DATA BELOW>
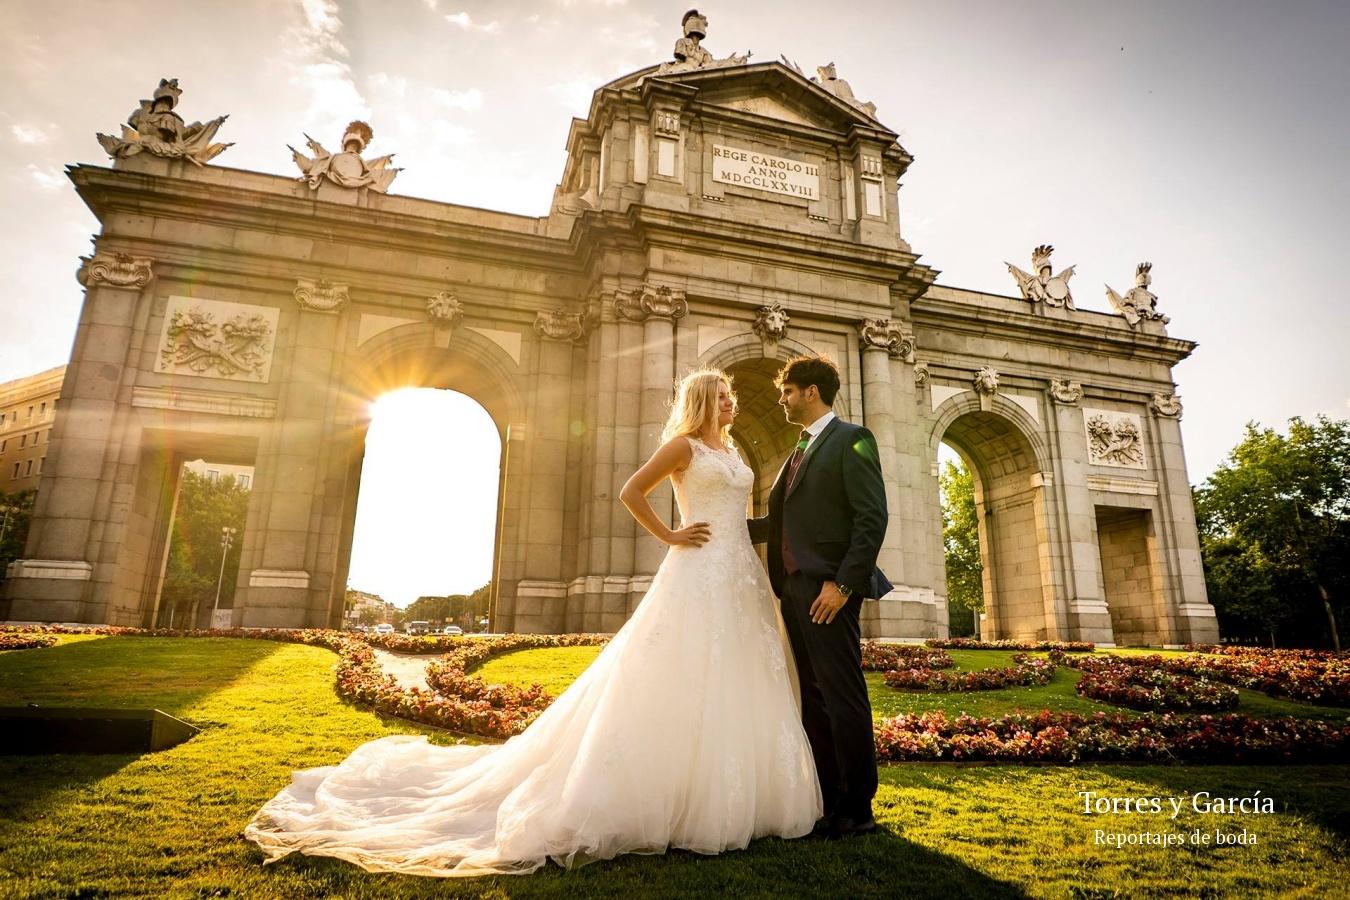 reportajes de boda en Madrid - Fotografías - Libros y reportajes de boda diferentes.
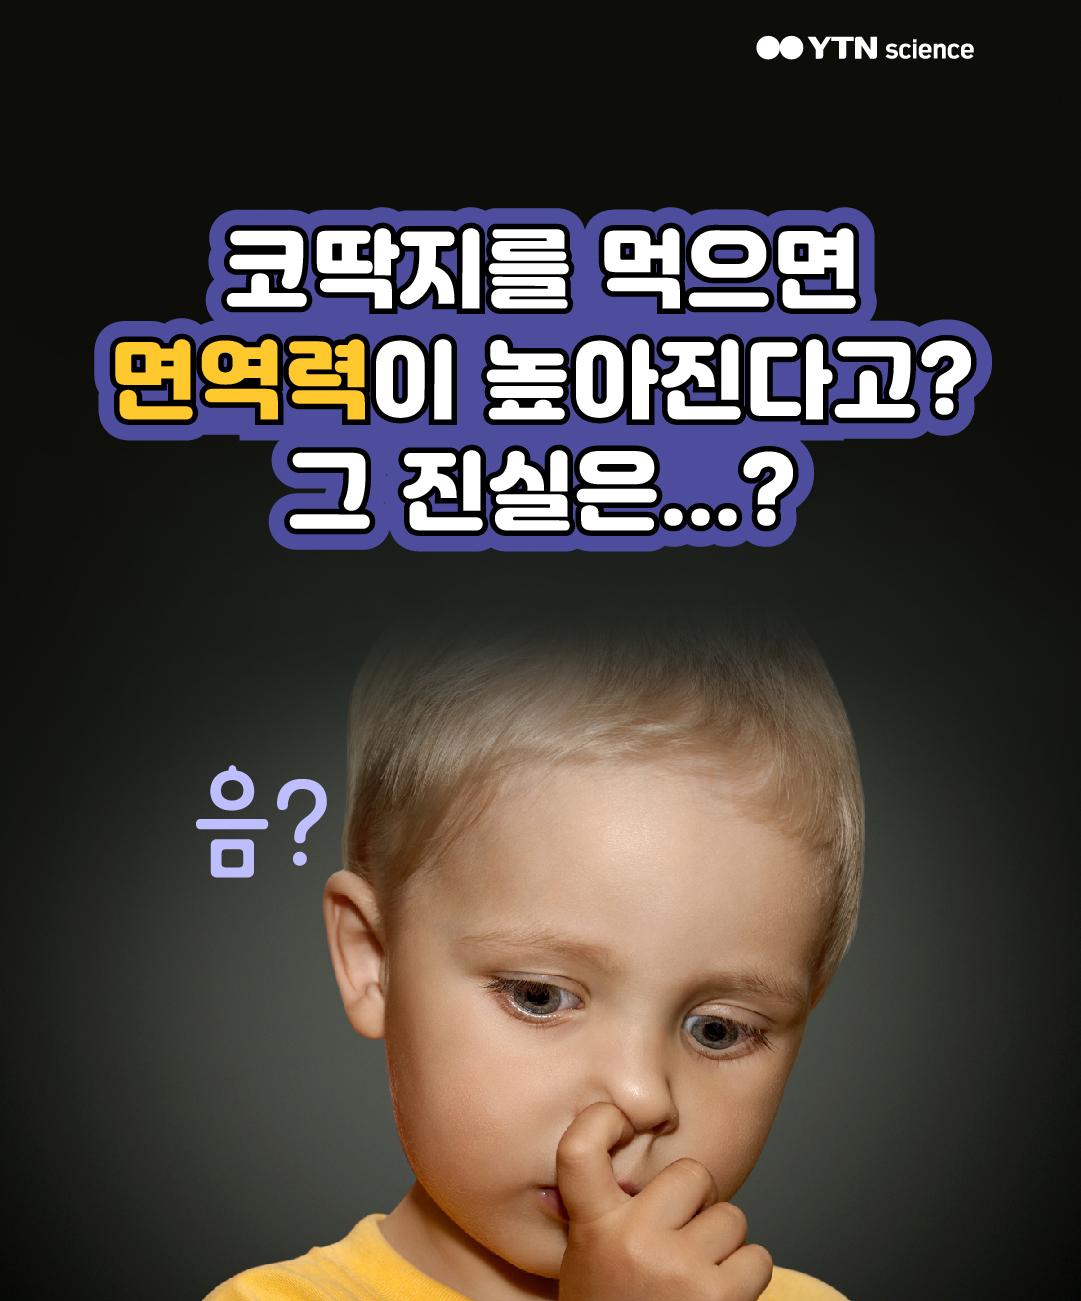 코딱지를 먹으면 면역력이 높아진다고? 그 진실은...? 이미지
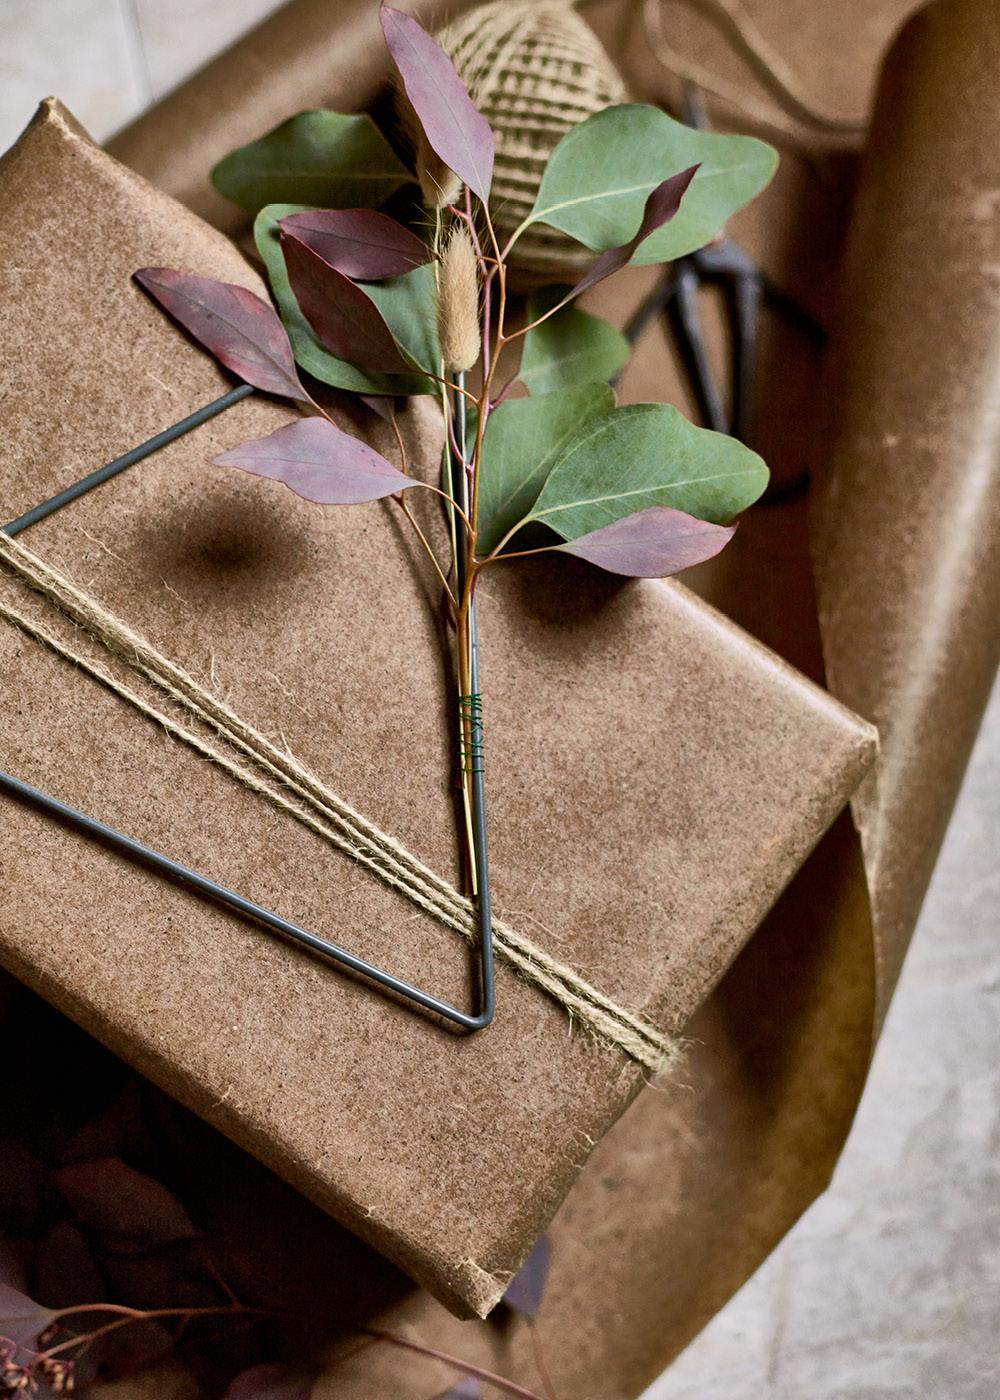 Geschenk mit Packpaier verpackt und liebvevoll mit Details geschmückt zum verschenken zu Weihnachten.

WORK ITEM>
For this exercise, restate the material exactly and skip every picture.

TASK SOLUTION>
 reportajes de boda en Madrid - Fotografías - Libros y reportajes de boda diferentes.
 코딱지를 먹으면 면역력이 높아진다고? 그 진실은...? 이미지
 Geschenk mit Packpaier verpackt und liebvevoll mit Details geschmückt zum verschenken zu Weihnachten.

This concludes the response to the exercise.